# Imperial Guard Paintjobs



## TeHk!lL3R (Apr 17, 2009)

I thought i would make this thread, so people can show off he IG, I am struggling a fair bit with painting them so seeing others might help.
If you would like to put a description on how you painted them it would also help, but if its your secret no problem.

Thanks, K!lL3R:victory:


----------



## Siege (Jan 18, 2008)

You are probably better off putting this in the modeling and painting forums.


----------



## Apoca6 (Feb 25, 2009)

hehe, see my sig for mine :grin:


----------



## Lord_Murdock (Jul 16, 2008)

My IG are all Mordians so they probably won't help you much if you collect cadians, but maybe you can use them for ideas for officers or something... Anyway, here are a few pics :grin:

My General (converted Rogue Trader era Marneus Calgar), his tea table (sadly, trademark items don't exist anymore, so it's just for decoration now...) and a Commissar Lord (converted Yarric)










My Command Squad (the organ is from the Exorcist tank)










An Infantry Squad










And some Stormtroopers (Cadian arms, Empire Pistolier bodies, "hellguns," and heads, Space Marine Scout legs, Space Marine Plasma Guns)

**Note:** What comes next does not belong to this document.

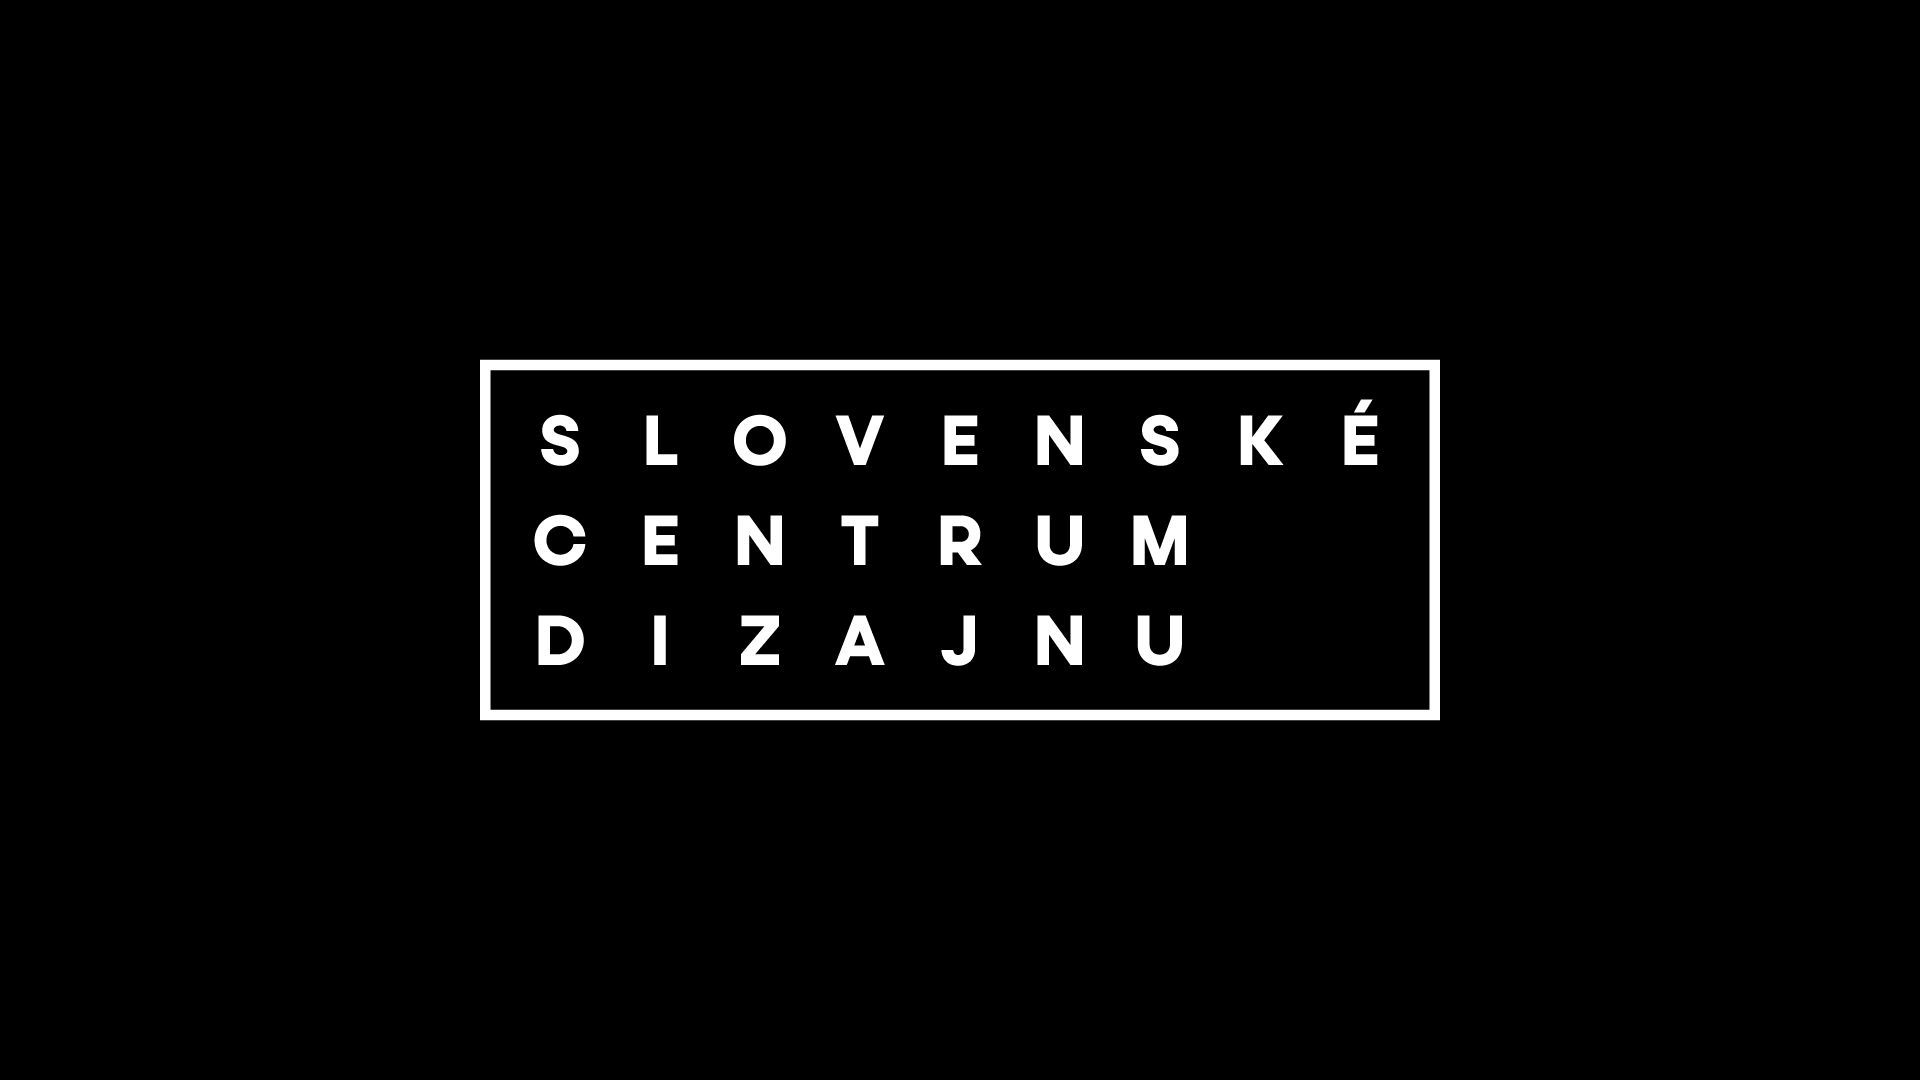 Slovenské centrum dizajnu

For the rest of my army, see my WIP thread in my sig (the Macharian IXX).

Enjoy! :victory:


----------



## officer kerky (Jun 12, 2008)

here i will try help because i collect guard.
here is a basic model nothing fancy









sorry they are a bit blurry i own a crappy camera.
edit: 2 of the same pic.


----------



## DarkTower (Jun 9, 2007)

For my Imperial Guards - Blue Steel Legion, I've used blue-red color scheme (inspired by WW I uniforms), with some golden add-ons for HQ and commanders. Troops are made of older Steel Legion models, HQ are veterans converted Warzone minis. Hardened veterans are GW's Vostroyans. Painting process is simple, they are all batch- and speed-painted. Blue jacket with red collars and white strips, grey trousers, brown boots. All guns are wooden with some metal parts. Everything washed with several layers of GW inks (mostly Devlan Mud) and then added some highlights.

I don't have lots of them finished, but I'm still working on it.









Junior Officer of 1st Platoon









Junior Officer's personal staff - converted Warzone minis









First Squad of troopers









Hardened veterans - M.B.'s Warhounds









Hardened veterans - M.B.'s Warhounds


----------



## Lord of Rebirth (Jun 7, 2008)

You are probably better off searching through the ongoing projects section to see full armies and then just regularly look through the M+P section at IG stuff.


----------



## DaafiejjXD (Jun 22, 2009)

Love the blue steel legion!!! Very nice:biggrin:Looks a bit like French WW1 uniform...anyway great job!!:mrgreen:


----------